26 октября 2014 года
В татарской столице (ч.7)

     На 1-й кафедре терапии у профессора Л.М. Рахлина положение было иное. ГИДУВская клиника лишь формально подчинялась горздравотделу. В институте был свой главный врач, тоже Владислав, но Леонидович, Пинягин, подчинявшийся непосредственно ректору института. У заведующей терапевтическим отделением Зари Хайрутдиновны Валеевой – весьма энергичной и темпераментной женщины – муж был долгое время секретарем Татарского обкома КПСС (1966 – 1984 гг.). Посему чувствовала она себя «защищенной», могла пожурить молодых врачей-ординаторов, но, наверное, не более. А сотрудники кафедры находились под крылом самого Рахлина. К тому же главный врач институтских клиник В.Л. Пинягин был руководителем, скажем так, не стремящимся к конфликтам. Тут у меня больше предположений – я ведь в клинике Л.М. Рахлина бывал редко.
     Это постоянное напряжение в отношениях между руководством больницы и кафедры проявлялось буквально во всем. Например, к моему появлению на кафедре существовала она на базе больницы уже шесть лет. Но у входа в больницу висела только вывеска с названием больницы: на столбе, разделяющем ворота и калитку. Не было вывесок (досок) с названиями ни нашей кафедры, ни кафедры хирургии.
     Склонный к «наведению порядка», я обратил внимание О.С. на отсутствие вывески кафедры. Он посмотрел на меня странным взглядом. В нем было удивление («он заметил, но почему ранее – никто из нас?») и еще раз удивление («на что внимание обращает?!») и, наконец, полностью обескуражившее его удивление («о чем он думает вместо диссертации?»).
     Но я решил восстановить «справедливость» и начал что-то твердить о реноме кафедры (и ее руководителя). В результате получил «добро», заказал вывеску, приволок ее в больницу.
     Однако руководство «Дорожной больницы N2 ст. Казань Горьковской железной дороги» не позволило прикрепить доску с названием кафедры ниже своей вывески – только на другом столбе ограды, в стороне от входа. Так и висела она там, никем из входящих в больничные ворота не замечаемая...

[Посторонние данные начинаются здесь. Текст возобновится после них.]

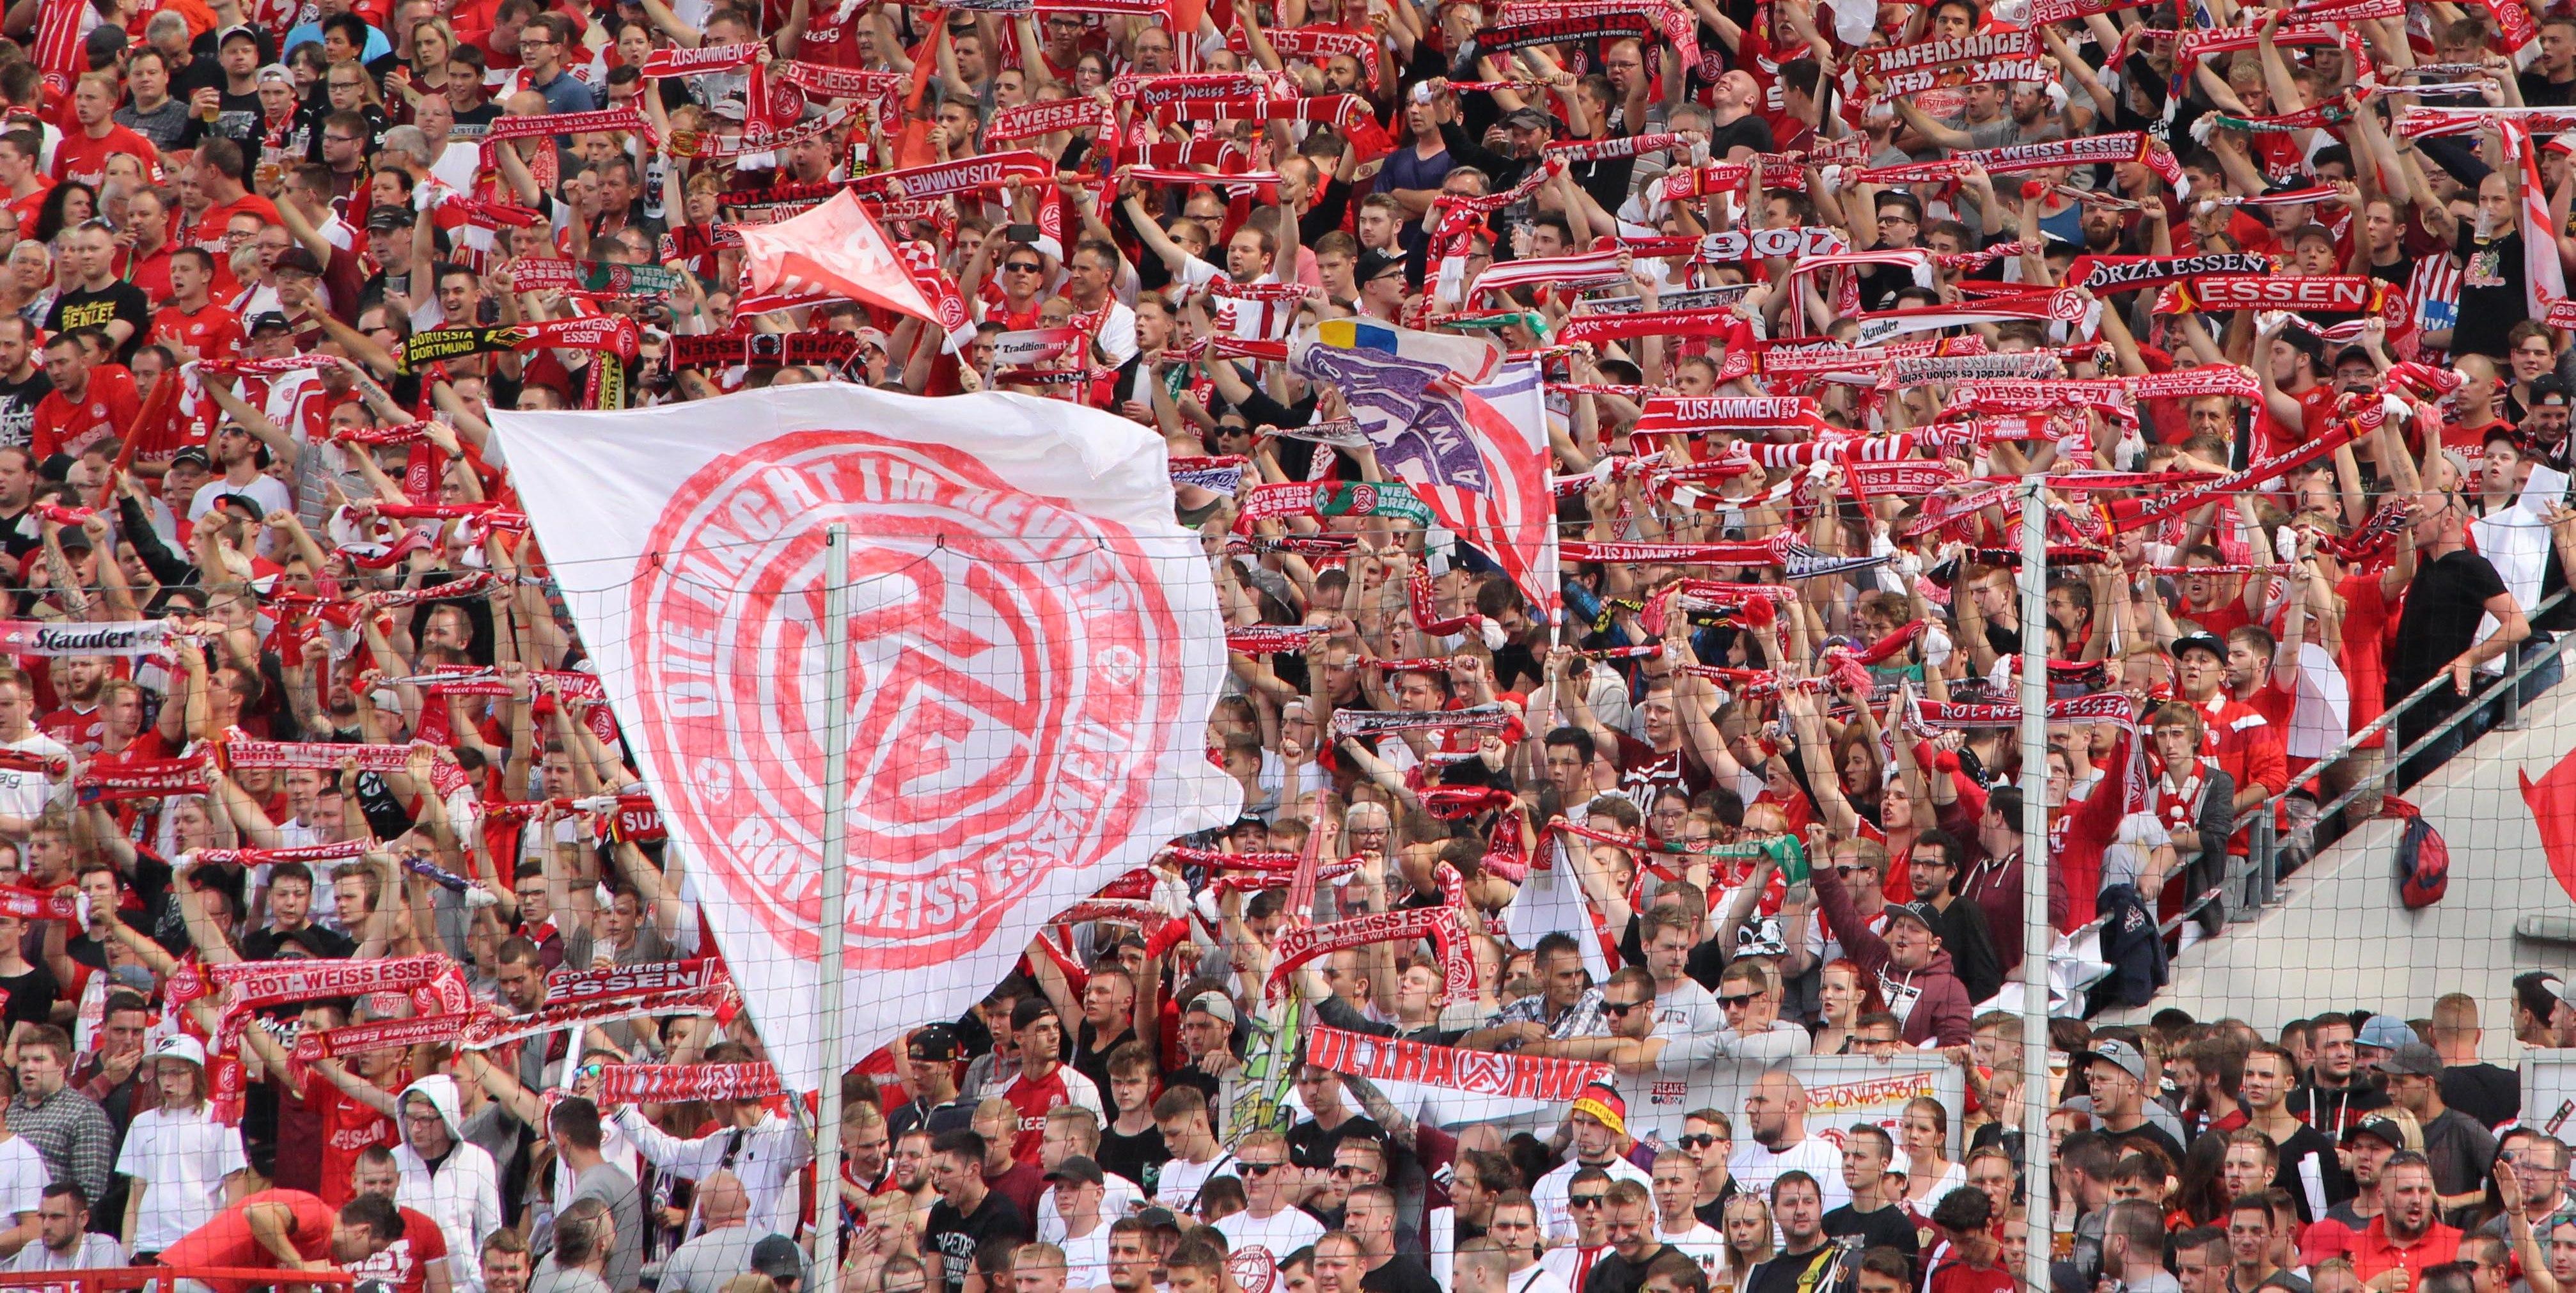 Am morgigen Freitag trifft Rot-Weiss Essen im ersten Testspiel der Wintervorbereitung auf den Zweitligisten Arminia Bielefeld.

     Остаемся на время в этой клинике, куда я пришел поучиться у Игоря Арлеевского работе с пламенным фотометром. Времени у меня – в обрез. Надо еще столько обегать в этот день. Выкроил часик на учебу у Игоря, у которого пламенный фотометр уже давно в ходу. Ему профессор помогал и даже, подчеркнул Игорь, из своего кармана заплатил рабочим за монтаж установки.
     Аспирант Леопольда Матвеевича не спешит: нарочито тщательно и медленно разводит материал для фотометрии. Десятки пробирок. Когда наступает время включать компрессор и зажигать фотометр, заявляет: «Сейчас у меня перерыв на обед, потом я должен отдохнуть; приходи часа через два». Я готов был его самого распылить над пламенем фотометра, но он был аспирантом, использую повторно это словосочетание, «самого Рахлина», то есть для меня – неприкосновенным. Отмщение пришло позже, причем дважды.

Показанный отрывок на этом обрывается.